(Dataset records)
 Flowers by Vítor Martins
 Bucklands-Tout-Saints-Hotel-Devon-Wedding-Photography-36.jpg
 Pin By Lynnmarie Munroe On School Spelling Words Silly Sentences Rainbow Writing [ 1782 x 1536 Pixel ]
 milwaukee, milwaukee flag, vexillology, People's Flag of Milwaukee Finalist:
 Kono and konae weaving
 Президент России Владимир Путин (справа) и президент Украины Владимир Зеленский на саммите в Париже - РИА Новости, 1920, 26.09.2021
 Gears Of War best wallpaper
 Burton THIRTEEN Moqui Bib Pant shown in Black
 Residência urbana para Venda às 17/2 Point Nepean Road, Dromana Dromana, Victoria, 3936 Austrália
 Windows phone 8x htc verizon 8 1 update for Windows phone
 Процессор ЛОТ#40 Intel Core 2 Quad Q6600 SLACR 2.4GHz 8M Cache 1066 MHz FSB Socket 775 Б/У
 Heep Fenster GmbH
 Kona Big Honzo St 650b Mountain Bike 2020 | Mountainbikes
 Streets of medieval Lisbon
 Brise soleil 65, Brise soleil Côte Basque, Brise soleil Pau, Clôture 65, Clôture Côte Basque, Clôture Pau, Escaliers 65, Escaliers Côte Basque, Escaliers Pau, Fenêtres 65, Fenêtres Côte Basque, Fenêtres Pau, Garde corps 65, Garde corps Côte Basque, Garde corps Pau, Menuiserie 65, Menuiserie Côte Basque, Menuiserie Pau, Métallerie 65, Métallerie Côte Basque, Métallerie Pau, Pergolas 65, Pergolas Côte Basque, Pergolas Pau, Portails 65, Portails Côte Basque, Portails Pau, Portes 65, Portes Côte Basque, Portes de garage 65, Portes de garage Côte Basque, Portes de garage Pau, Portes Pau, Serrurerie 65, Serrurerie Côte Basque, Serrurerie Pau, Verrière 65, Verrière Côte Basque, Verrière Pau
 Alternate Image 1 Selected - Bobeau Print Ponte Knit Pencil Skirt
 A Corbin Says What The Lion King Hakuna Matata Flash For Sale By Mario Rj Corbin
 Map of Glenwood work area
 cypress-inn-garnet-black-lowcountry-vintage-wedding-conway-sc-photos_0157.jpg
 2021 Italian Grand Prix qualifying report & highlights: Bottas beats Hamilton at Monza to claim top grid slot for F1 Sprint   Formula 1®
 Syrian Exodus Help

| Work instruction |
All records above need to be set down again exactly as written.

| Answer to this problem |
 Flowers by Vítor Martins
 Bucklands-Tout-Saints-Hotel-Devon-Wedding-Photography-36.jpg
 Pin By Lynnmarie Munroe On School Spelling Words Silly Sentences Rainbow Writing [ 1782 x 1536 Pixel ]
 milwaukee, milwaukee flag, vexillology, People's Flag of Milwaukee Finalist:
 Kono and konae weaving
 Президент России Владимир Путин (справа) и президент Украины Владимир Зеленский на саммите в Париже - РИА Новости, 1920, 26.09.2021
 Gears Of War best wallpaper
 Burton THIRTEEN Moqui Bib Pant shown in Black
 Residência urbana para Venda às 17/2 Point Nepean Road, Dromana Dromana, Victoria, 3936 Austrália
 Windows phone 8x htc verizon 8 1 update for Windows phone
 Процессор ЛОТ#40 Intel Core 2 Quad Q6600 SLACR 2.4GHz 8M Cache 1066 MHz FSB Socket 775 Б/У
 Heep Fenster GmbH
 Kona Big Honzo St 650b Mountain Bike 2020 | Mountainbikes
 Streets of medieval Lisbon
 Brise soleil 65, Brise soleil Côte Basque, Brise soleil Pau, Clôture 65, Clôture Côte Basque, Clôture Pau, Escaliers 65, Escaliers Côte Basque, Escaliers Pau, Fenêtres 65, Fenêtres Côte Basque, Fenêtres Pau, Garde corps 65, Garde corps Côte Basque, Garde corps Pau, Menuiserie 65, Menuiserie Côte Basque, Menuiserie Pau, Métallerie 65, Métallerie Côte Basque, Métallerie Pau, Pergolas 65, Pergolas Côte Basque, Pergolas Pau, Portails 65, Portails Côte Basque, Portails Pau, Portes 65, Portes Côte Basque, Portes de garage 65, Portes de garage Côte Basque, Portes de garage Pau, Portes Pau, Serrurerie 65, Serrurerie Côte Basque, Serrurerie Pau, Verrière 65, Verrière Côte Basque, Verrière Pau
 Alternate Image 1 Selected - Bobeau Print Ponte Knit Pencil Skirt
 A Corbin Says What The Lion King Hakuna Matata Flash For Sale By Mario Rj Corbin
 Map of Glenwood work area
 cypress-inn-garnet-black-lowcountry-vintage-wedding-conway-sc-photos_0157.jpg
 2021 Italian Grand Prix qualifying report & highlights: Bottas beats Hamilton at Monza to claim top grid slot for F1 Sprint   Formula 1®
 Syrian Exodus Help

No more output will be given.